Asimov attended New York City public schools from age five, including Boys High School in Brooklyn. Graduating at 15, he attended the City College of New York for several days before accepting a scholarship at Seth Low Junior College. This was a branch of Columbia University in Downtown Brooklyn designed to absorb some of the academically qualified Jewish and Italian-American students who applied to the more prestigious Columbia College but exceeded the unwritten ethnic admission quotas which were common at the time. Originally a zoology major, Asimov switched to chemistry after his first semester because he disapproved of "dissecting an alley cat". After Seth Low Junior College closed in 1936, Asimov finished his Bachelor of Science degree at Columbia's Morningside Heights campus (later the Columbia University School of General Studies) in 1939. (In 1983, Dr. Robert Pollack (dean of Columbia College, 1982–1989) granted Asimov an honorary doctorate from Columbia College after requiring that Asimov place his foot in a bucket of water to pass the college's swimming requirement. )
After two rounds of rejections by medical schools, Asimov applied to the graduate program in chemistry at Columbia in 1939; initially he was rejected and then only accepted on a probationary basis. He completed his Master of Arts degree in chemistry in 1941 and earned a Doctor of Philosophy degree in chemistry in 1948. During his chemistry studies, he also learned French and German.

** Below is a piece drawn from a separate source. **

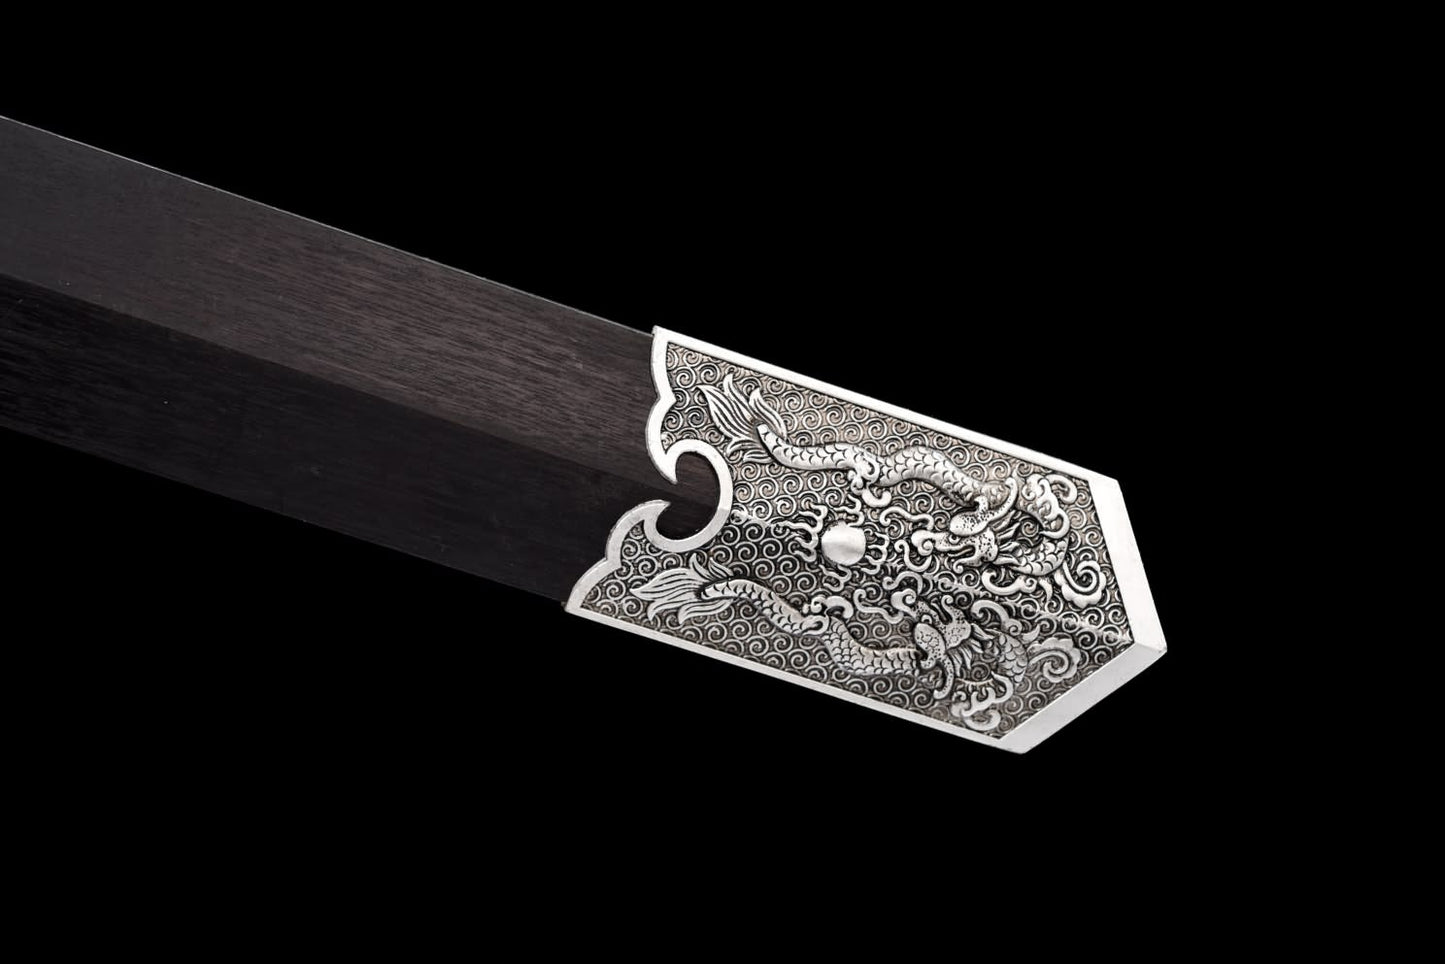 Chinese Swords Han jian Sword Real,Hand Forged Damascus Blades,Black Wood Scabbard,Alloy Handle

Asimov was afraid of flying, doing so only twice: once in the course of his work at the Naval Air Experimental Station and once returning home from Oʻahu in 1946. Consequently, he seldom traveled great distances. This phobia influenced several of his fiction works, such as the Wendell Urth mystery stories and the Robot novels featuring Elijah Baley. In his later years, Asimov found enjoyment traveling on cruise ships, beginning in 1972 when he viewed the Apollo 17 launch from a cruise ship. On several cruises, he was part of the entertainment program, giving science-themed talks aboard ships such as the Queen Elizabeth 2. He sailed to England in June 1974 on the SS France (1960) for a trip mostly devoted to lectures in London and Birmingham, though he also found time to visit Stonehenge and Shakespeare's birthplace.
Asimov believed his most enduring contributions would be his "Three Laws of Robotics" and the Foundation series. The Oxford English Dictionary credits his science fiction for introducing into the English language the words "robotics", "positronic" (an entirely fictional technology), and "psychohistory" (which is also used for a different study on historical motivations). Asimov coined the term "robotics" without suspecting that it might be an original word; at the time, he believed it was simply the natural analogue of words such as mechanics and hydraulics, but for robots. Unlike his word "psychohistory", the word "robotics" continues in mainstream technical use with Asimov's original definition. Star Trek: The Next Generation featured androids with "positronic brains" and the first-season episode "Datalore" called the positronic brain "Asimov's dream".